■ **WORK INSTRUCTION**: Skip every image and restate the data word for word.

■ **DATASET EXCERPT**:

++++++++

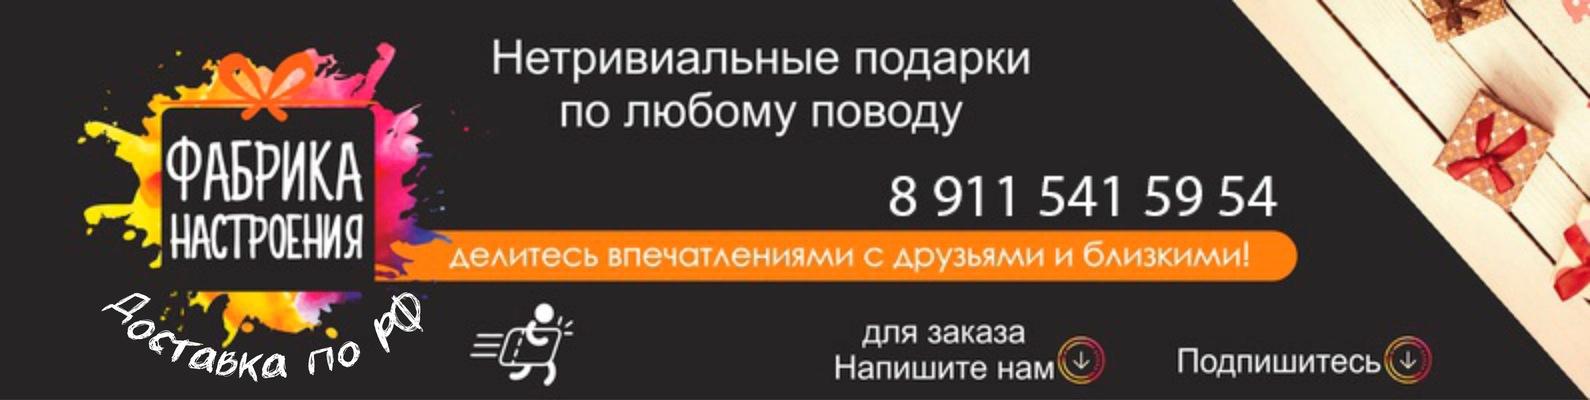 Фабрика Настроения   Подарки с доставкой   ВКонтакте afff0afce07
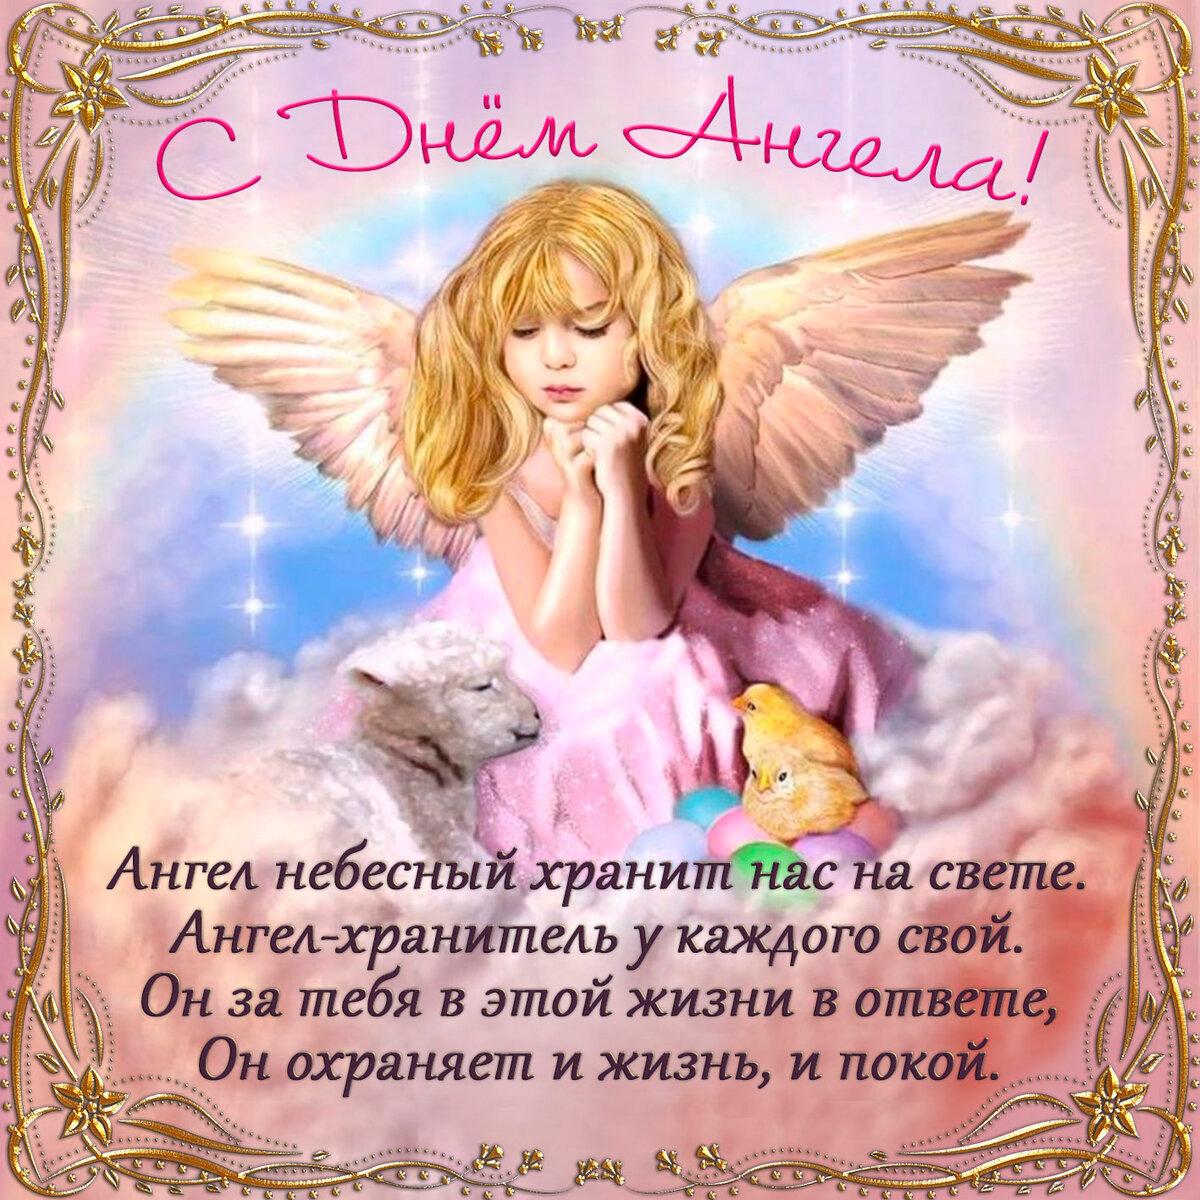 поздравление с днем ангела любимой в прозе
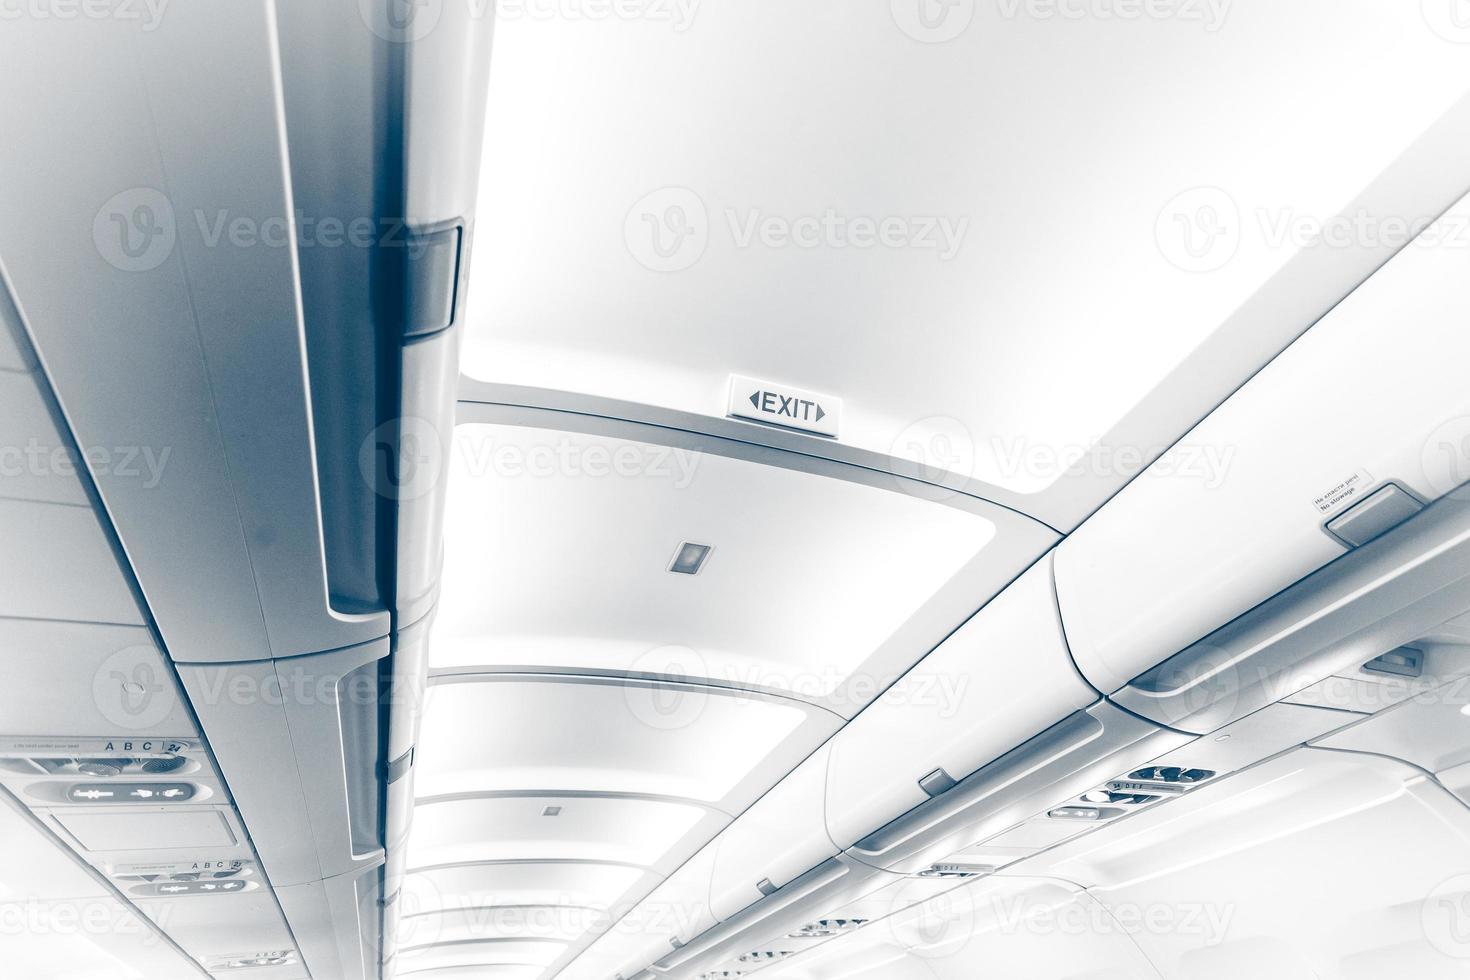 lungo soffitto in aereo con segnale di uscita foto

++++++++

■ **RESPONSE**:
 Фабрика Настроения   Подарки с доставкой   ВКонтакте afff0afce07
 поздравление с днем ангела любимой в прозе
 lungo soffitto in aereo con segnale di uscita foto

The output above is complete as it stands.